Here is a performance featuring flutist Lindsey Goodman and pianist Rob Frankenberry April 28, 2024 Charleston WV:
Here is a score video of the same piece with me on flute, and Rob on piano. Vermont College of Fine Arts music composition residency, Susquehana Universtiy January 2024. To purchase this music please contact me at steve.owens.vt at gmail.com
Here is a score video of my wind quintet Music from where the veil is thin.... performed by The City of Tomorrow, resident ensemble at the Vermont College of Fine Arts music composition residency in January 2024. It was inspired by my experiences at Old West Church in Calais VT, truly a place where the veil between worlds is very thin!
This is my recomposition of Handel's aria V'adoro Pupille from the opera Giulio Ceasare. The original featured two orchestras, a pit orchestra of the usual strings and continuo, and an on stage seven piece orchestra representing the seven muses. I t was a challenge to boil this down to a viable work for modern flute and piano. Enjoy, and contact me for the music if you would like to perform it! Rob Frankenberry is the pianist - he is residency faculty for VCFA. I am playing on a George Haynes "Master", a vintage flute I played for over 40 years. Contrast with Tormani a Vaggeghiar, which I preformed on my new (to me) Powell Conservatory flute.
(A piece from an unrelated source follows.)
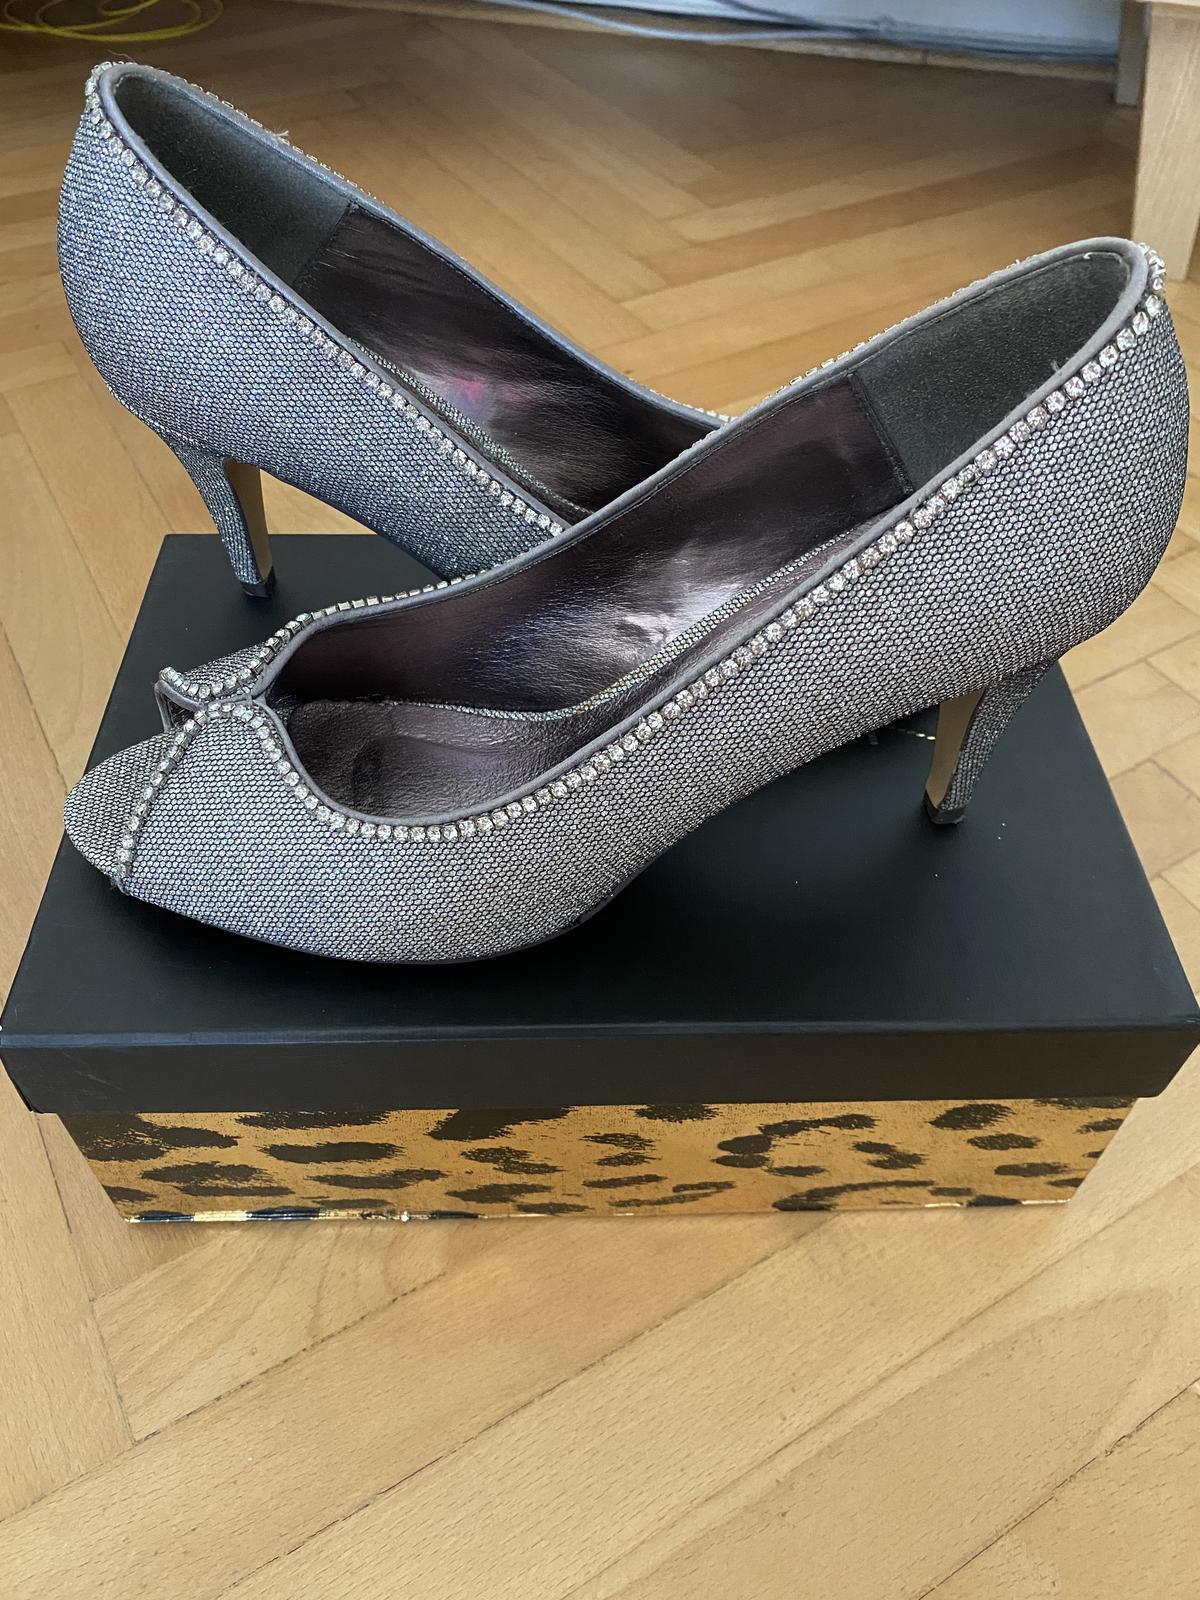 strieborné topánky - Obrázok č. 1

A setting of "The Lamb", a poem by William Blake (1757-1827). Composed in 2008 for my daughter and several of her friends to sing at Old West Church in 2008, it was performed again at Old West in 2022. This performance is from the Vermont College of Fine Arts choral workshop at Susquehana University in January 2024, Rob Frankenberry pianist and conductor.
This is my "Sonata in one movement" completed in 1989. Arguably my most successful work, performances include one by Fenwick Smith and Sally Pinkas. This piece was also honorable mention on for Prairie Home Companion's "Talent from Towns Under 2000" and was featured on their website for several years. This performance features me on flute at the Vermont Composer's Consortium Festival in 1991.
Something fun - here's an old piece of mine from the 90's. While its
most likely not playable by an individual pianist, it is playable on a
midi piano. More specifically a Yamaha baby grand at Susquehanna
University that is equipped to play midi files like an updated player
piano! This is not a Tango in the Argentine sense so much as a highly
stylized piece that evokes some of the rhythmic elements. I built it on
what I call an "artificial harmonic series" where each ascending
interval is a half step smaller (P5, d5, P4, M3, m3, M2, m2). I found
the complete pencil manuscript in an old notebook the other day.
At the VCFA Music Composition residency last January, Devin Barone, the
assistant program director, was getting into this midi piano in a big
way. I rushed back to my dorm room and managed to dig a version of this
piece off my hard drive (probably Finale 3.7.2!) and quickly gussied up
a midi file. Devin got it running on the Yamaha, and my advisor Roger
Zahab stuck his IPhone on the piano and grabbed a fast and dirty
recording that turned out better than I could have expected.
Never thought I'd ever hear this thing....
"My God! What has sound got to do with music! Why can't music go out in
the same way it comes in to a man, without having to crawl over a fence
of sounds, thoraxes, catguts, wire, wood, and brass?"